Look below for the line containing "ArtStation - 3D"; from there through the line containing "สติกเกอร์สี khaki green", both lines included, please set down each line exactly and nothing else.

------ Records supplied ------

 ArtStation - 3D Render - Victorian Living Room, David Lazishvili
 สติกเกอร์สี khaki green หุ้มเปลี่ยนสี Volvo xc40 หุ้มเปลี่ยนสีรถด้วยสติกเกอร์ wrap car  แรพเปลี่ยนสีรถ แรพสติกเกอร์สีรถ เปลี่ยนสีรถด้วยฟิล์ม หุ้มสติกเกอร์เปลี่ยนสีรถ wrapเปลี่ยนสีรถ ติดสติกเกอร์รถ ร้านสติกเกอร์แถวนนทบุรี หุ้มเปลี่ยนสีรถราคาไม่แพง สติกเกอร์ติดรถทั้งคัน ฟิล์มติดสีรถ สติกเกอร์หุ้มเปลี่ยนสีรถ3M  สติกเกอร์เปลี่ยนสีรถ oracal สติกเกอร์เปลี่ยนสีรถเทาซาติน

------
------ Records supplied ------

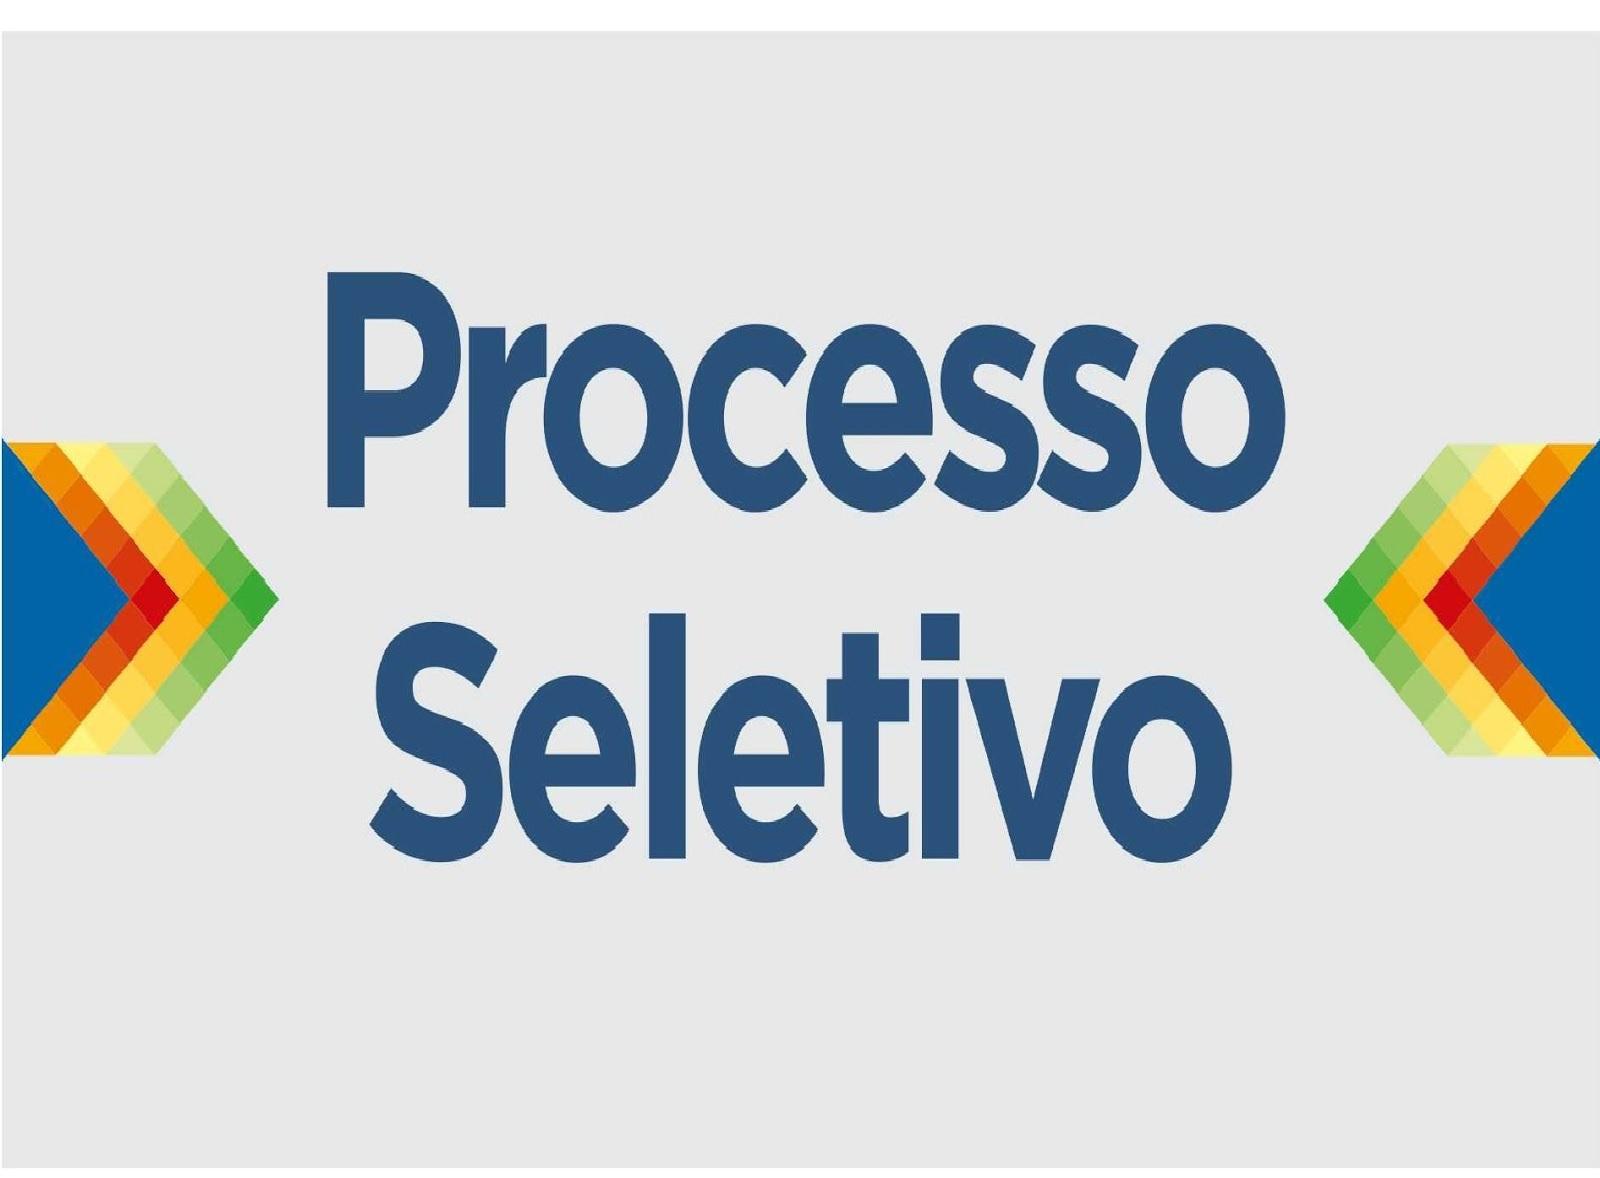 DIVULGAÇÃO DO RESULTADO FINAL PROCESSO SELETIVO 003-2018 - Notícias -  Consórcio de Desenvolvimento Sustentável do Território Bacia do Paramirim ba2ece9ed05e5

------

• [Solution to this problem]:
 ArtStation - 3D Render - Victorian Living Room, David Lazishvili
 สติกเกอร์สี khaki green หุ้มเปลี่ยนสี Volvo xc40 หุ้มเปลี่ยนสีรถด้วยสติกเกอร์ wrap car  แรพเปลี่ยนสีรถ แรพสติกเกอร์สีรถ เปลี่ยนสีรถด้วยฟิล์ม หุ้มสติกเกอร์เปลี่ยนสีรถ wrapเปลี่ยนสีรถ ติดสติกเกอร์รถ ร้านสติกเกอร์แถวนนทบุรี หุ้มเปลี่ยนสีรถราคาไม่แพง สติกเกอร์ติดรถทั้งคัน ฟิล์มติดสีรถ สติกเกอร์หุ้มเปลี่ยนสีรถ3M  สติกเกอร์เปลี่ยนสีรถ oracal สติกเกอร์เปลี่ยนสีรถเทาซาติน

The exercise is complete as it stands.